The gated recurrent unit (GRU) cell is a simplified version of the LSTM cell, and it seems to perform just as well (which explains its growing popularity). These are the main simplifications:
- Both state vectors are merged into a single vector h(t).
- A single gate controller z(t) controls both the forget gate and the input gate. If the gate controller outputs a 1, the forget gate is open (= 1) and the input gate is closed (1 – 1 = 0). If it outputs a 0, the opposite happens. In other words, whenever a memory must be stored, the location where it will be stored is erased first. This is actually a frequent variant to the LSTM cell in and of itself.

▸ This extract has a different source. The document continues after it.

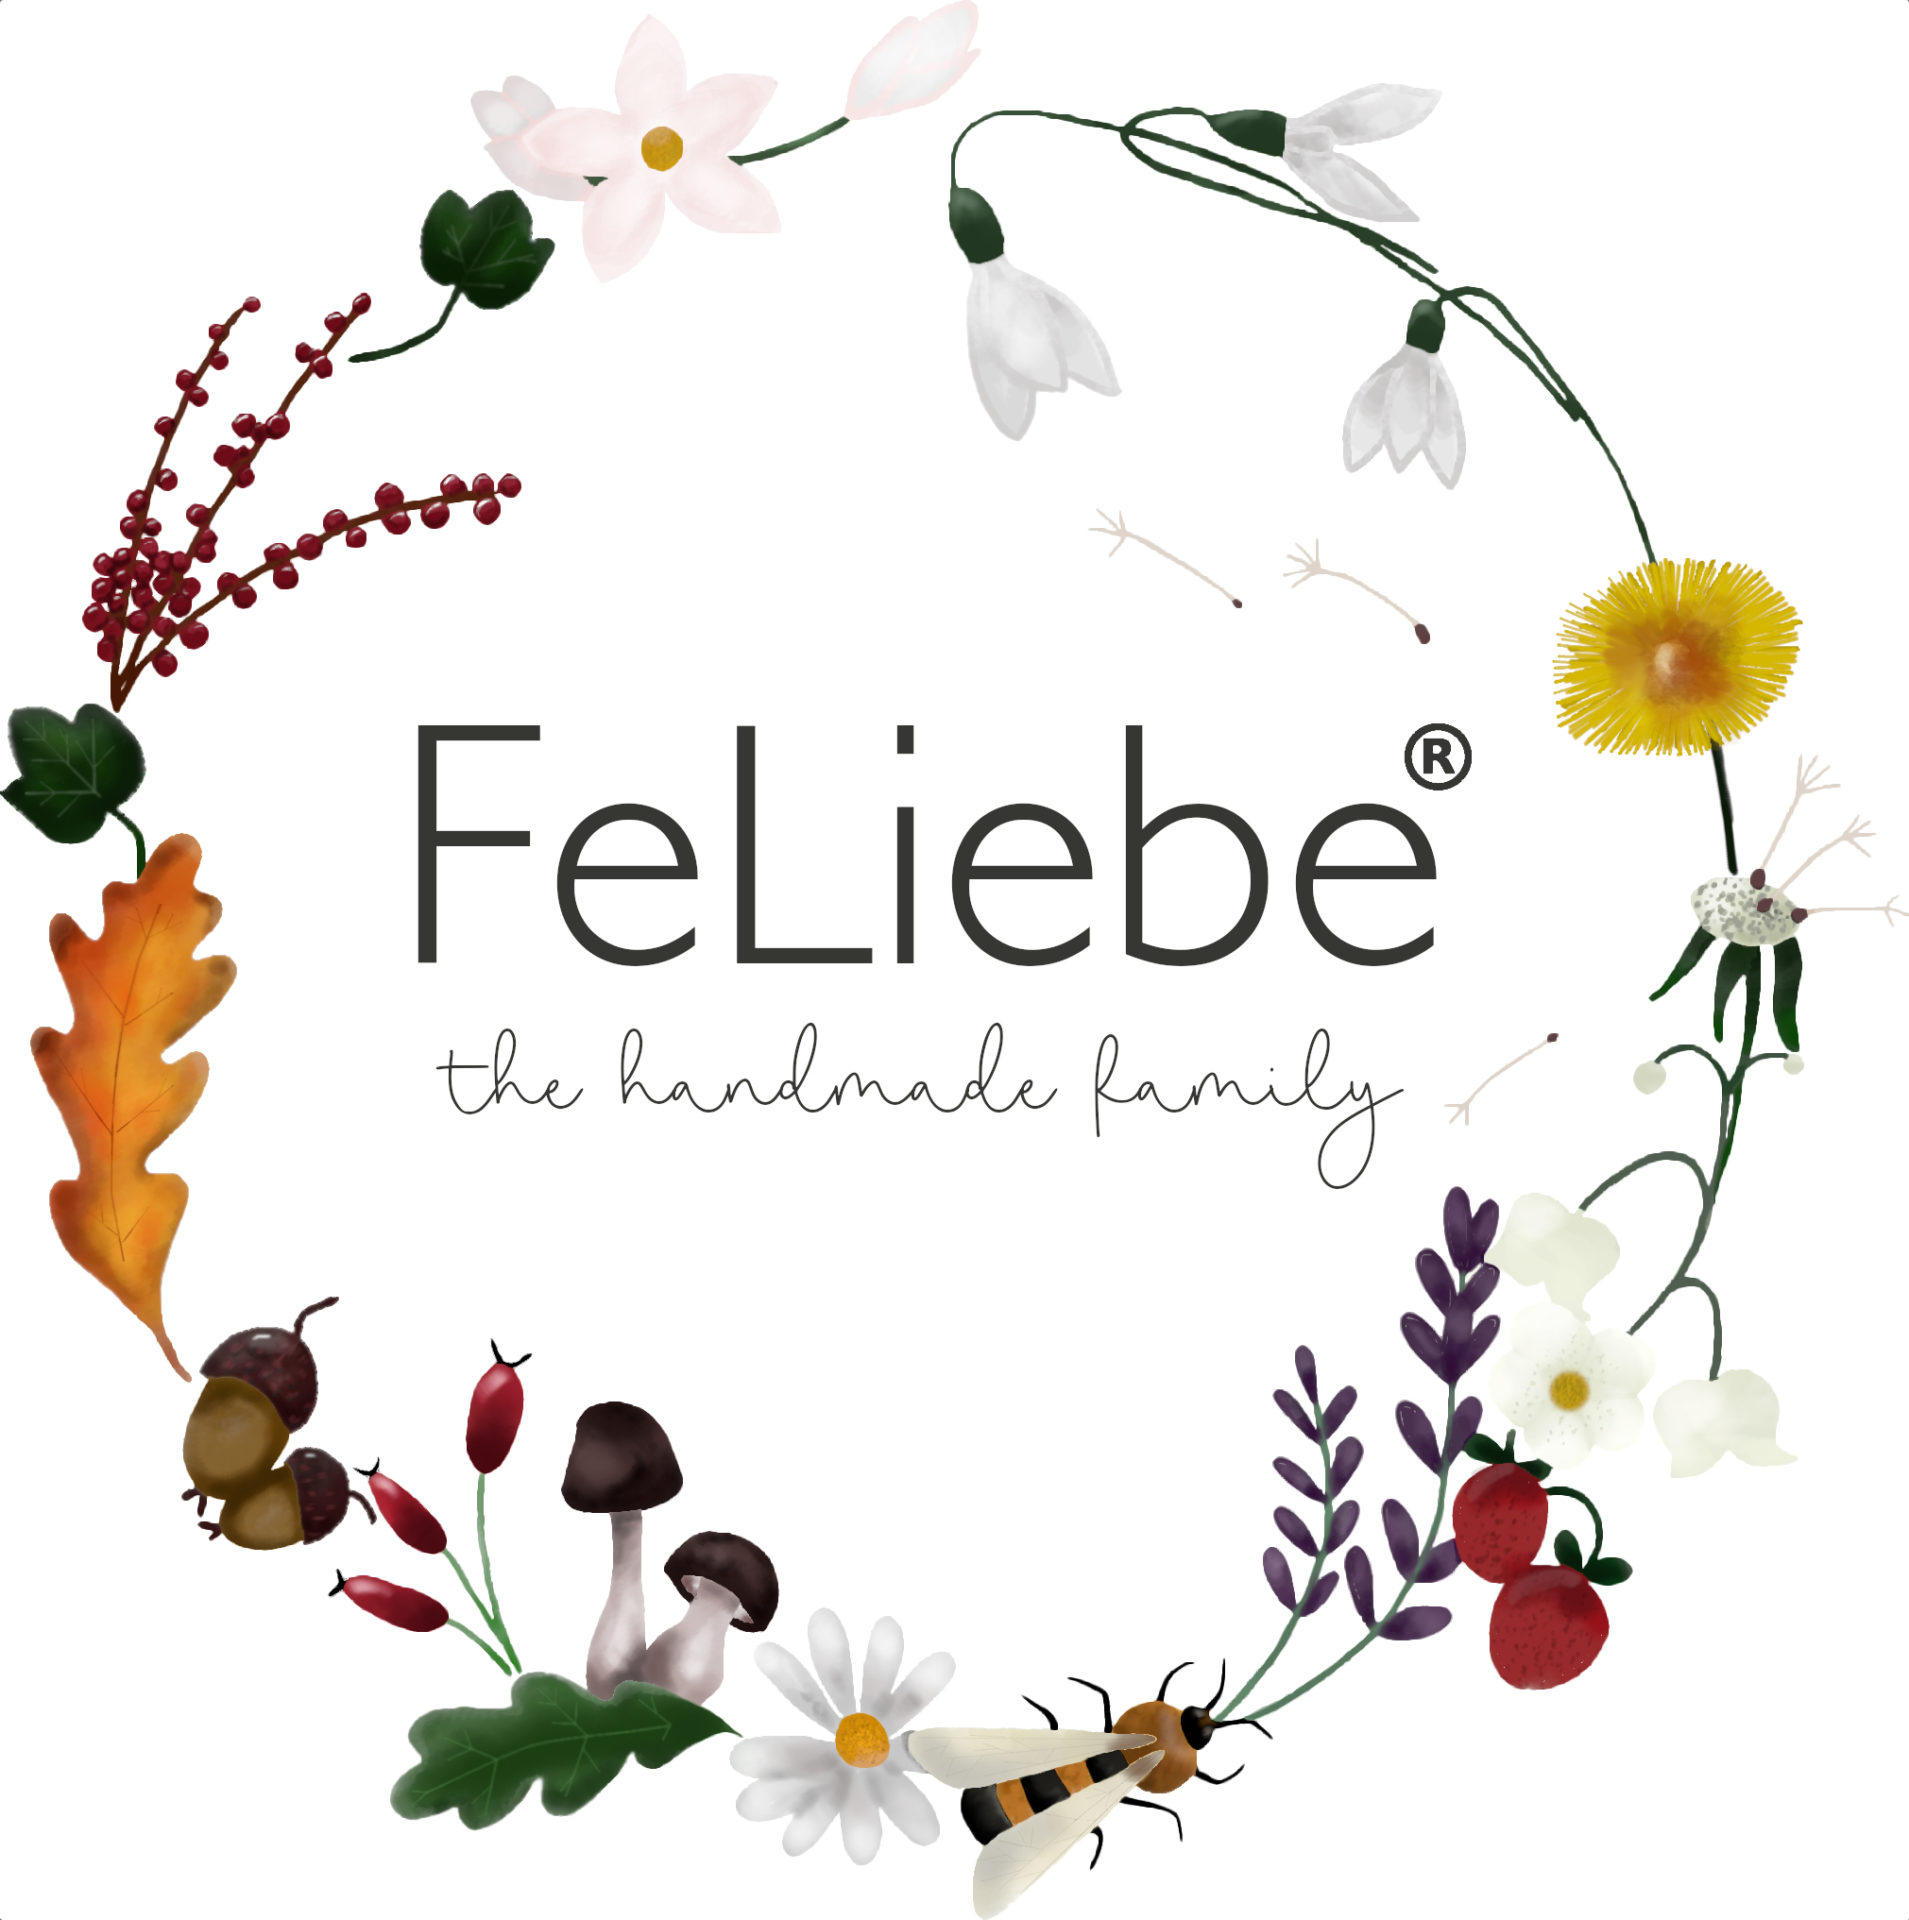 (c) Feliebe.de

- There is no output gate; the full state vector is output at every time step. However, there is a new gate controller r(t) that controls which part of the previous state will be shown to the main layer (g(t)).
By experimenting with different RNN architectures, I aim to identify the most effective model for forecasting Amazon stock prices, considering factors such as prediction accuracy, computational efficiency, and model complexity.
After training, the trained models are evaluated on the validation set to assess their performance in forecasting Amazon stock prices. Evaluation metrics such as MAE, mean squared error (MSE), and root mean squared error (RMSE) are calculated to quantify the models' accuracy.
Finally, the trained models are used to make predictions on the test set. The predictions are then compared to the actual stock prices to visualize the models' performance.